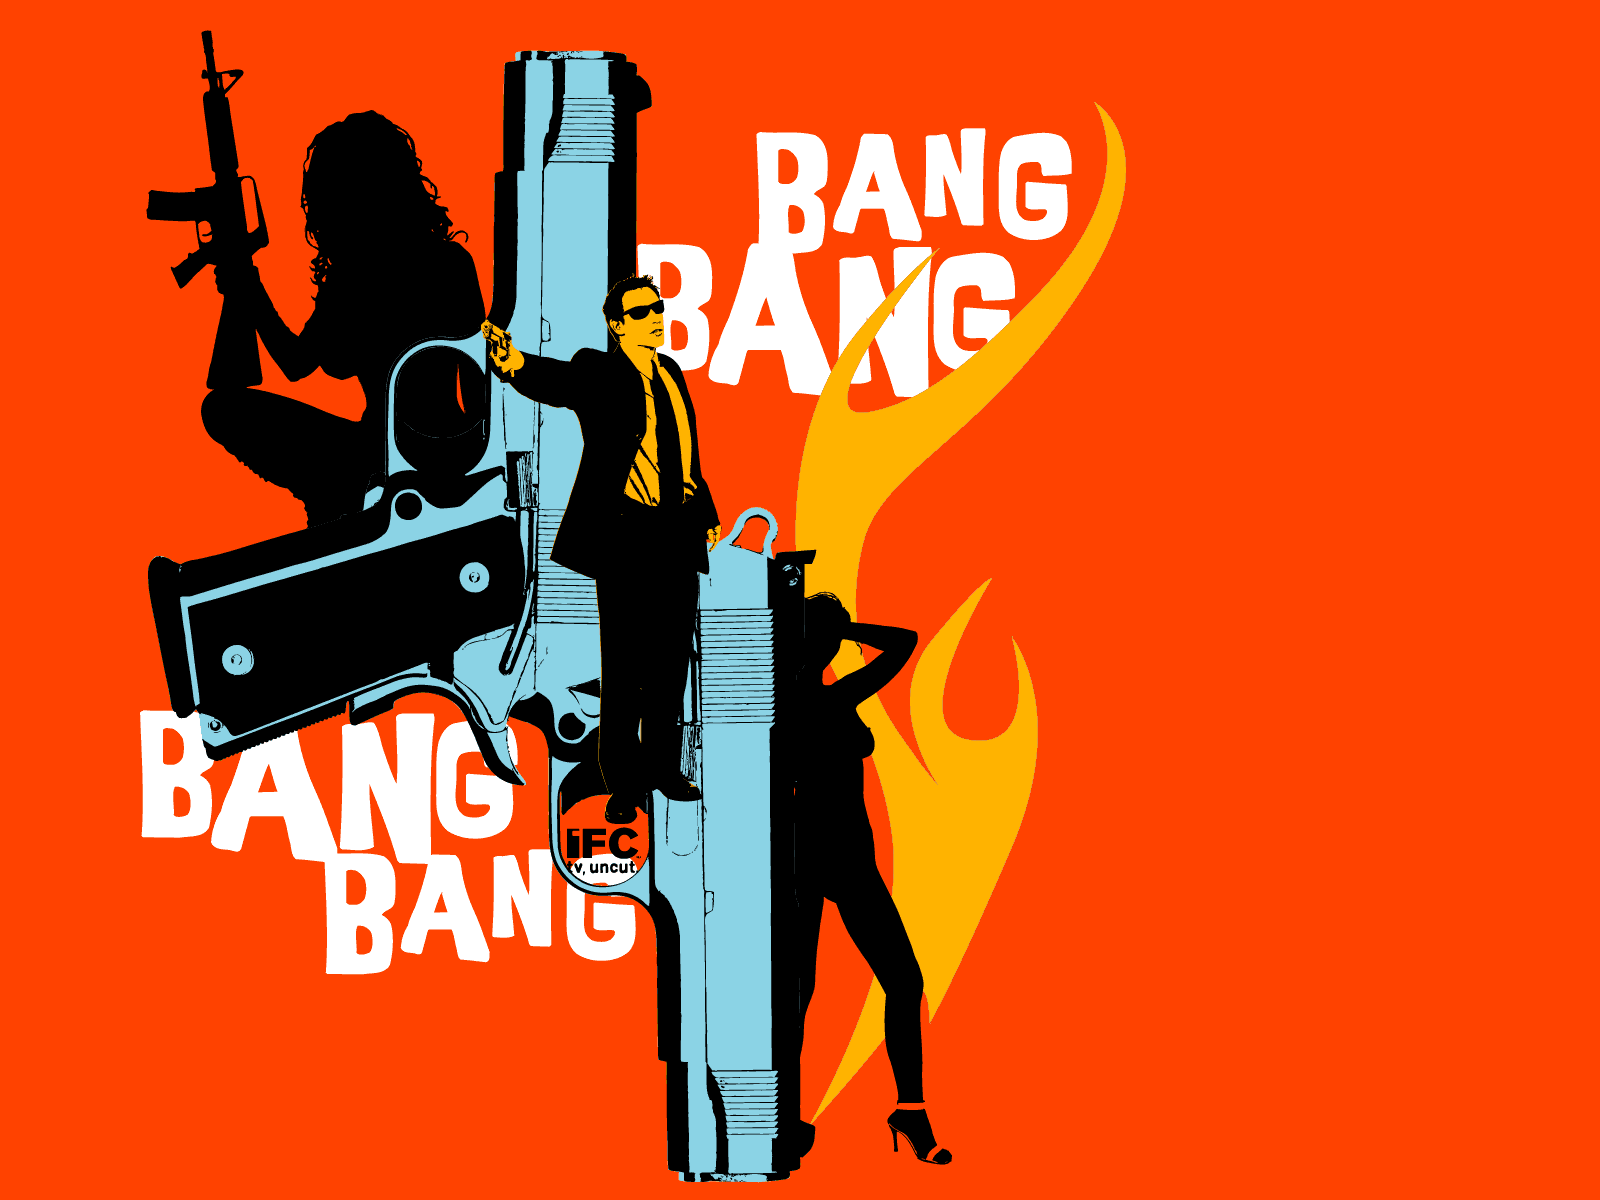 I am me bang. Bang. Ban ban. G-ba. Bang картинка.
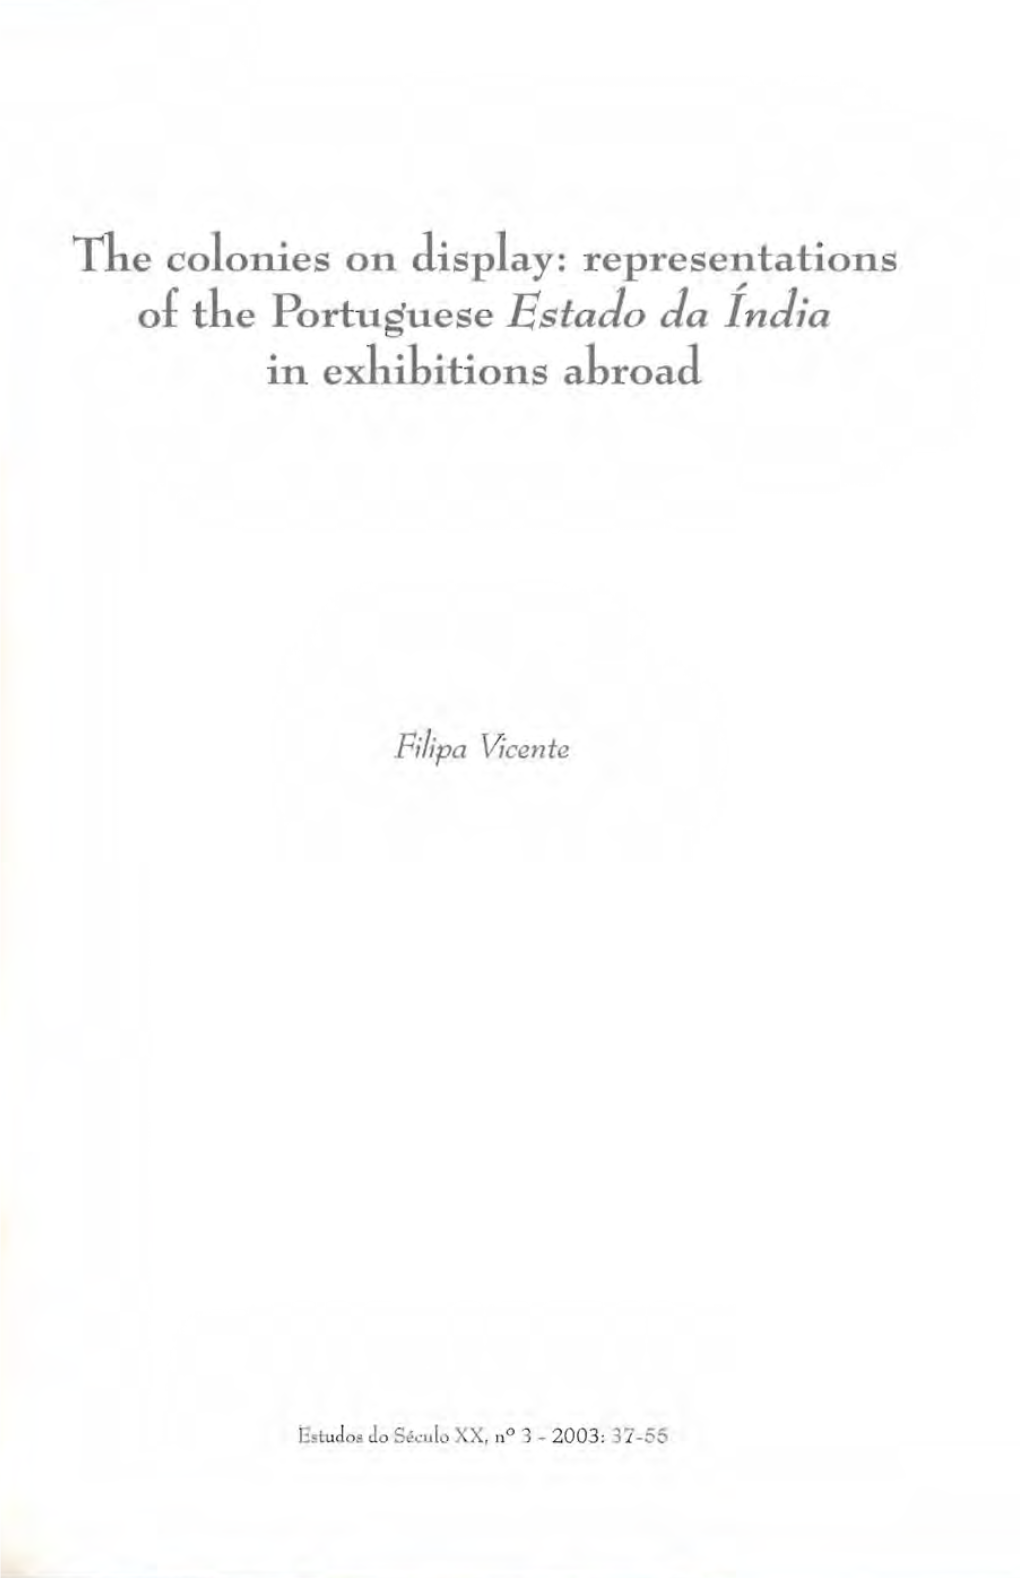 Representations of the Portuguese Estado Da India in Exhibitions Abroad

--

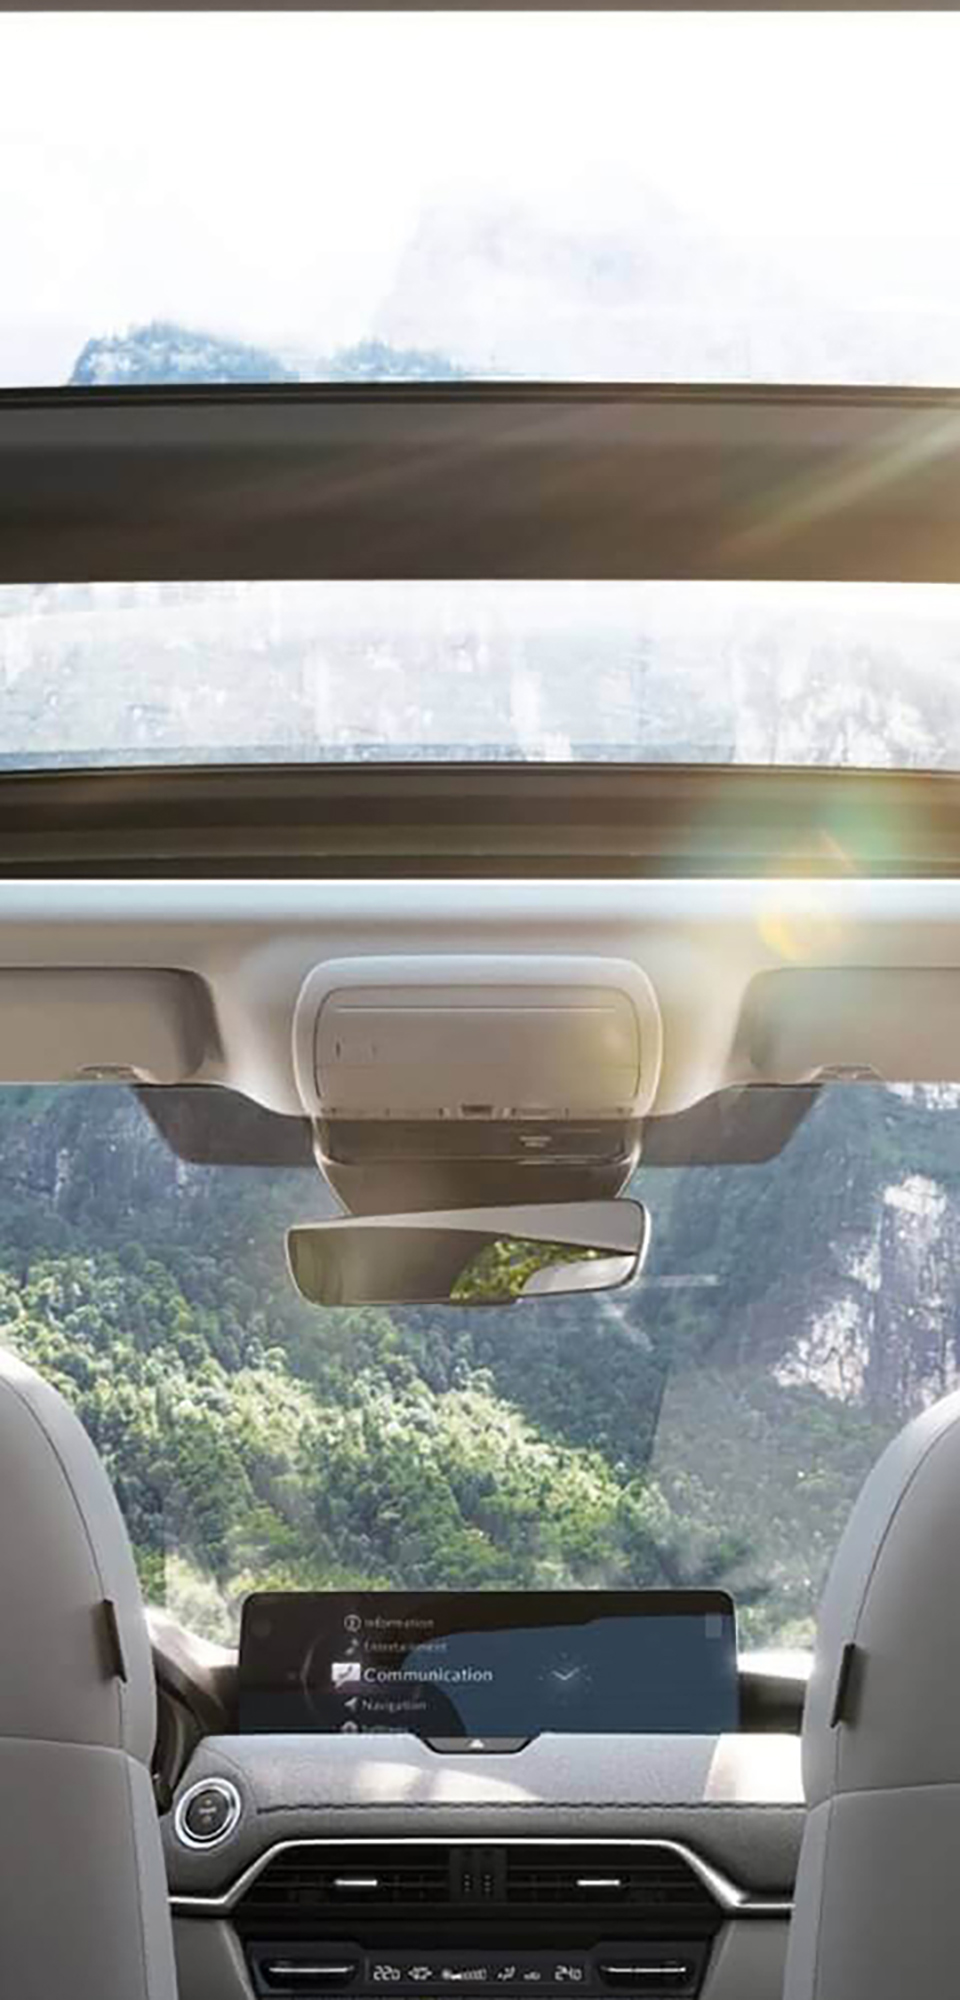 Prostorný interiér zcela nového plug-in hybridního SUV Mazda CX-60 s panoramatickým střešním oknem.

- TASK PROMPT
With the pictures omitted, print the lines above exactly, beginning at the line with "I am me bang." and going on through the line with "Representations of the".

- COMPLETED TASK
 I am me bang. Bang. Ban ban. G-ba. Bang картинка.
 Representations of the Portuguese Estado Da India in Exhibitions Abroad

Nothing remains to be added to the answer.